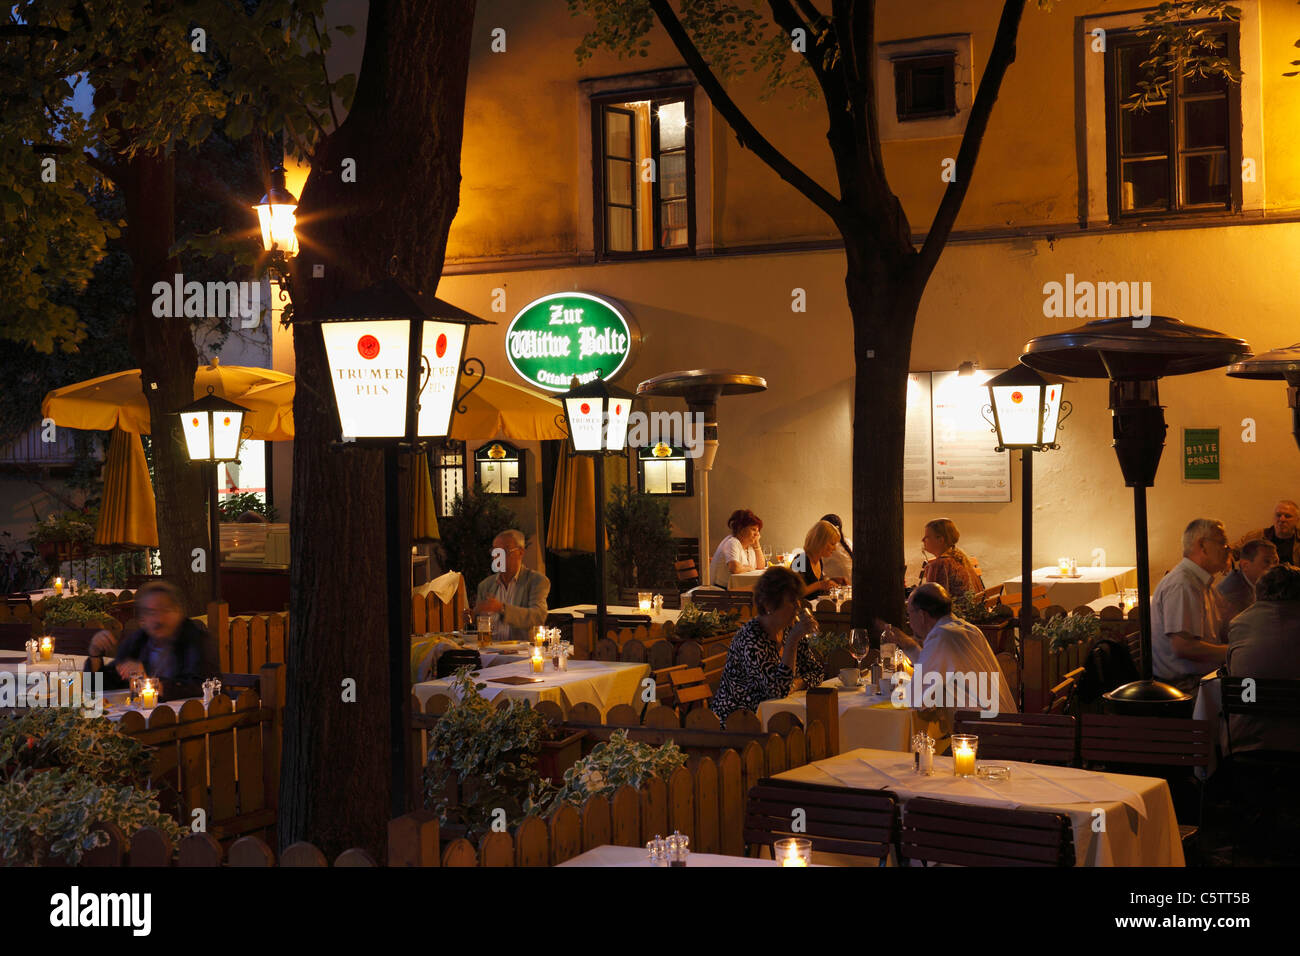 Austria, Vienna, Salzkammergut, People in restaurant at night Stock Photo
+++
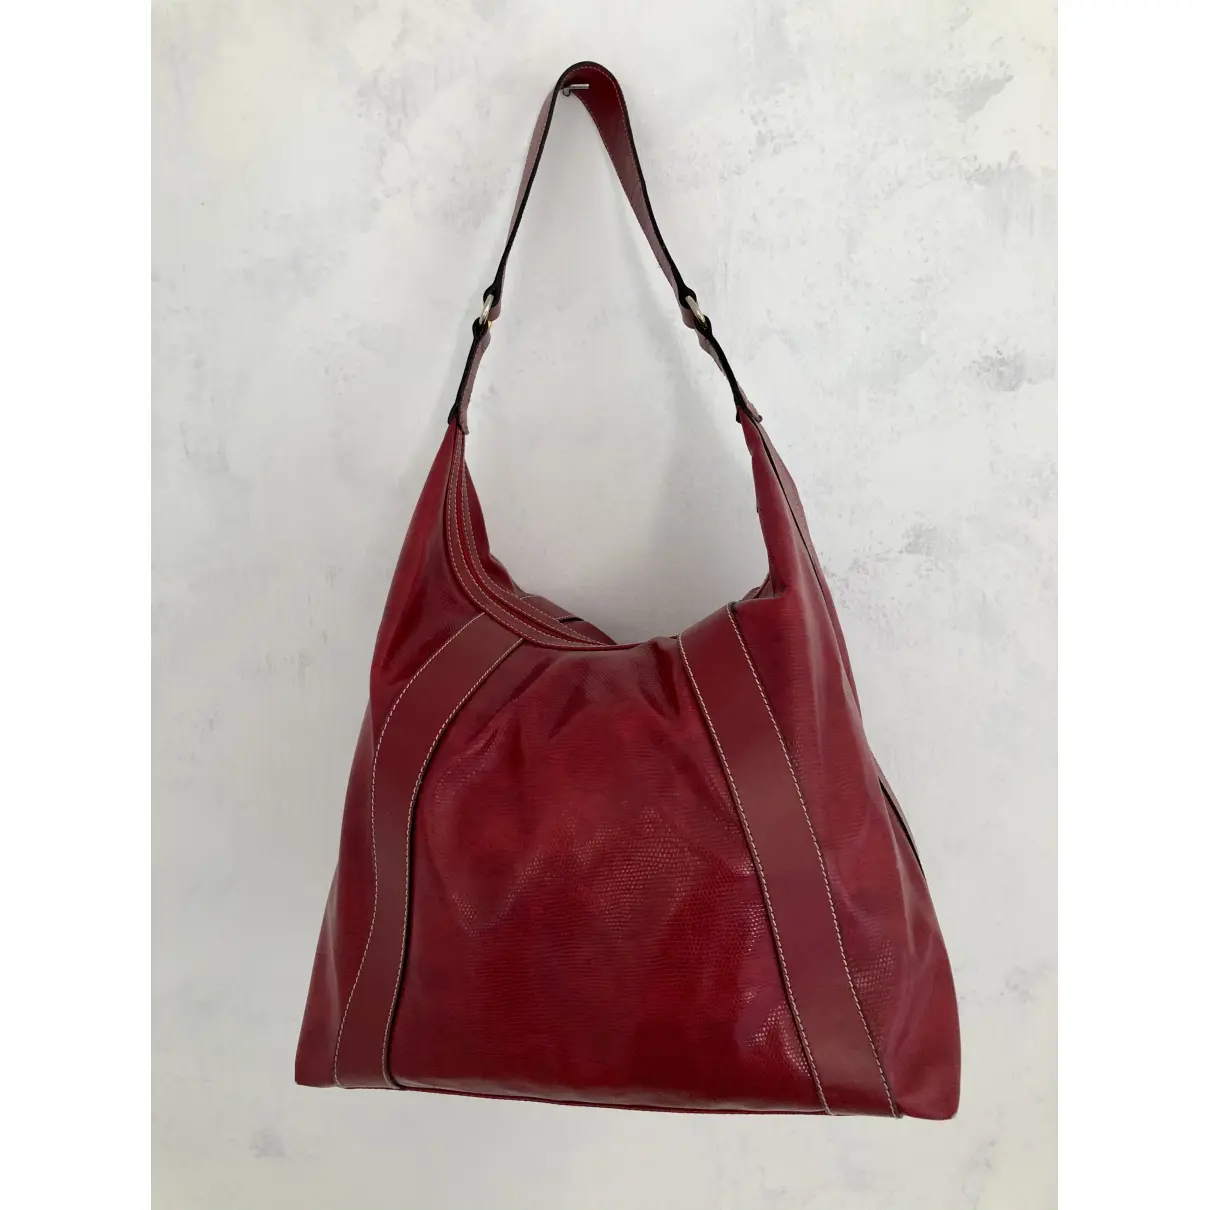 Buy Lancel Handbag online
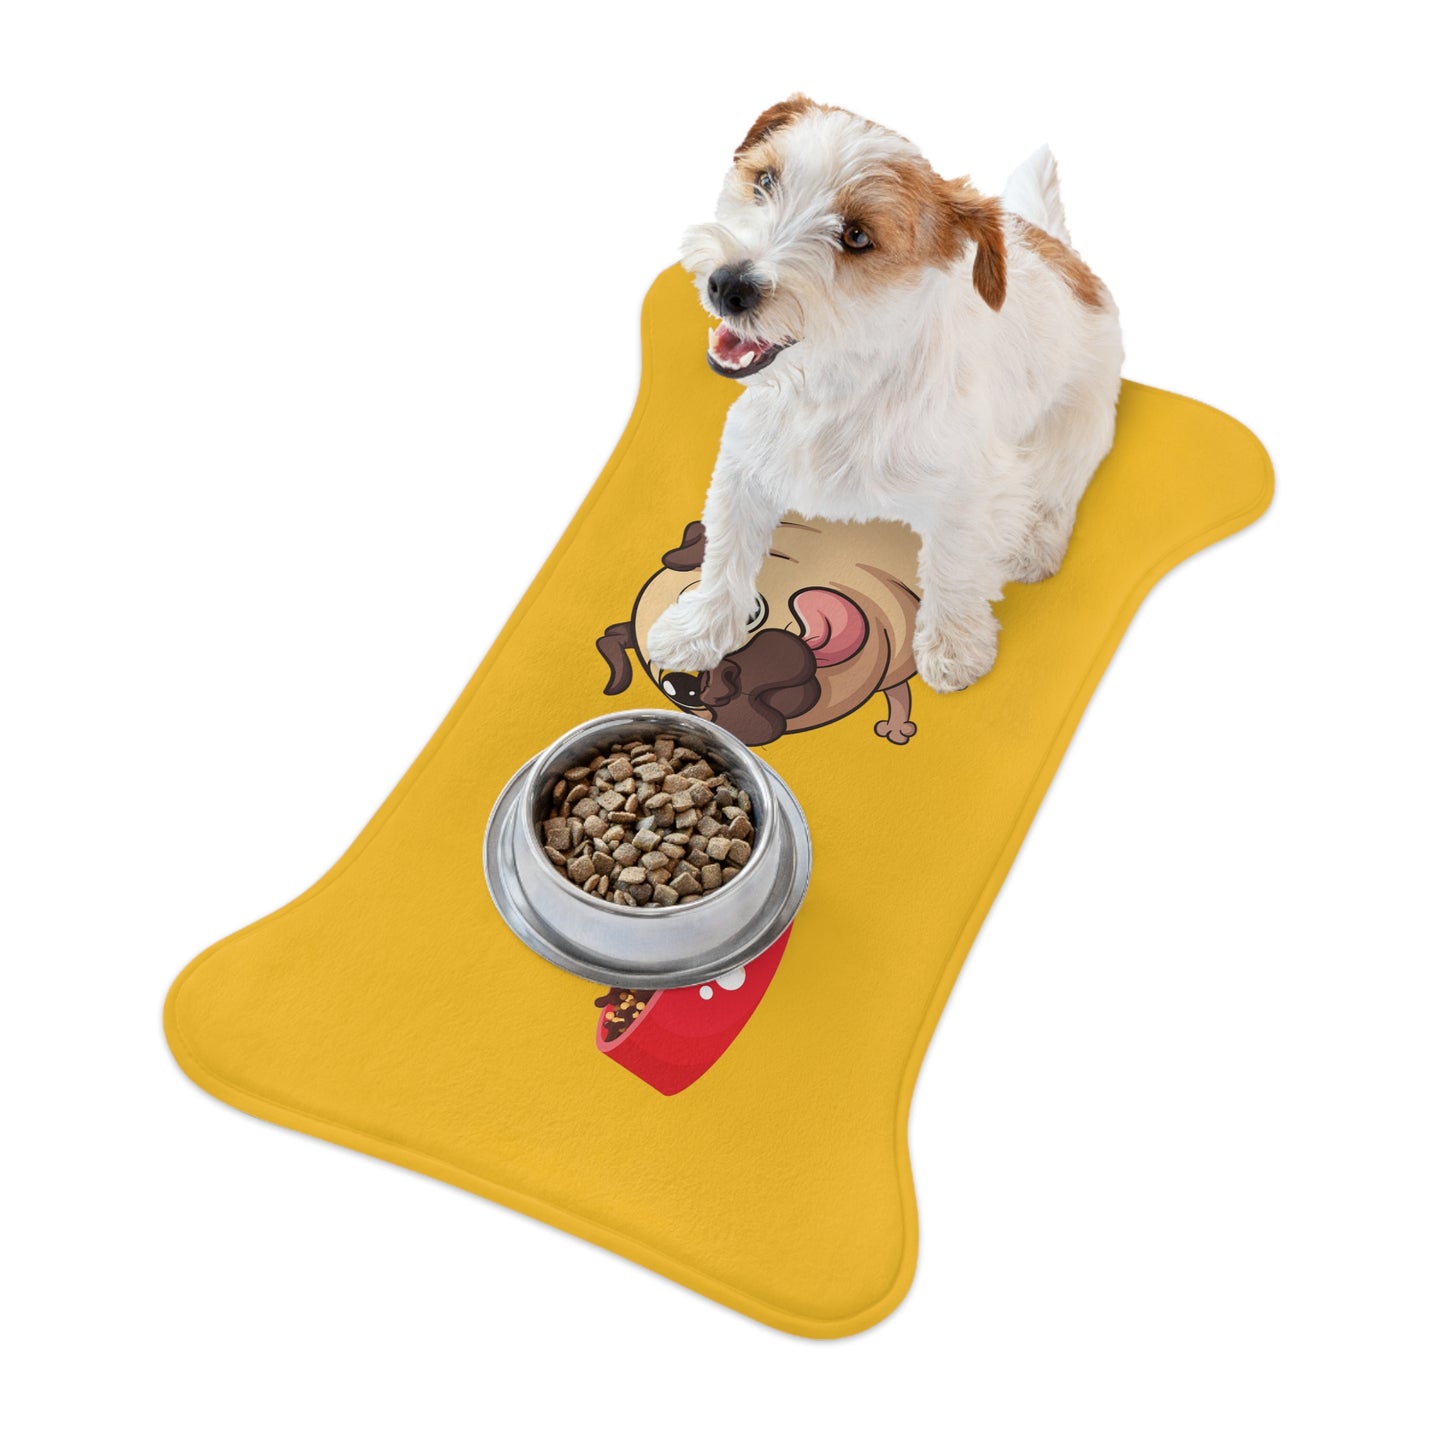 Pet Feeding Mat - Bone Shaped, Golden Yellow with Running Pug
+++
> **TASK ITEM**
Find the line with "Buy Lancel Handbag online" and the line with "Pet Feeding Mat" in the records above. Copy both and all lines between them exactly, without pictures.

> **ANSWER TO THIS TASK**
 Buy Lancel Handbag online
 Pet Feeding Mat - Bone Shaped, Golden Yellow with Running Pug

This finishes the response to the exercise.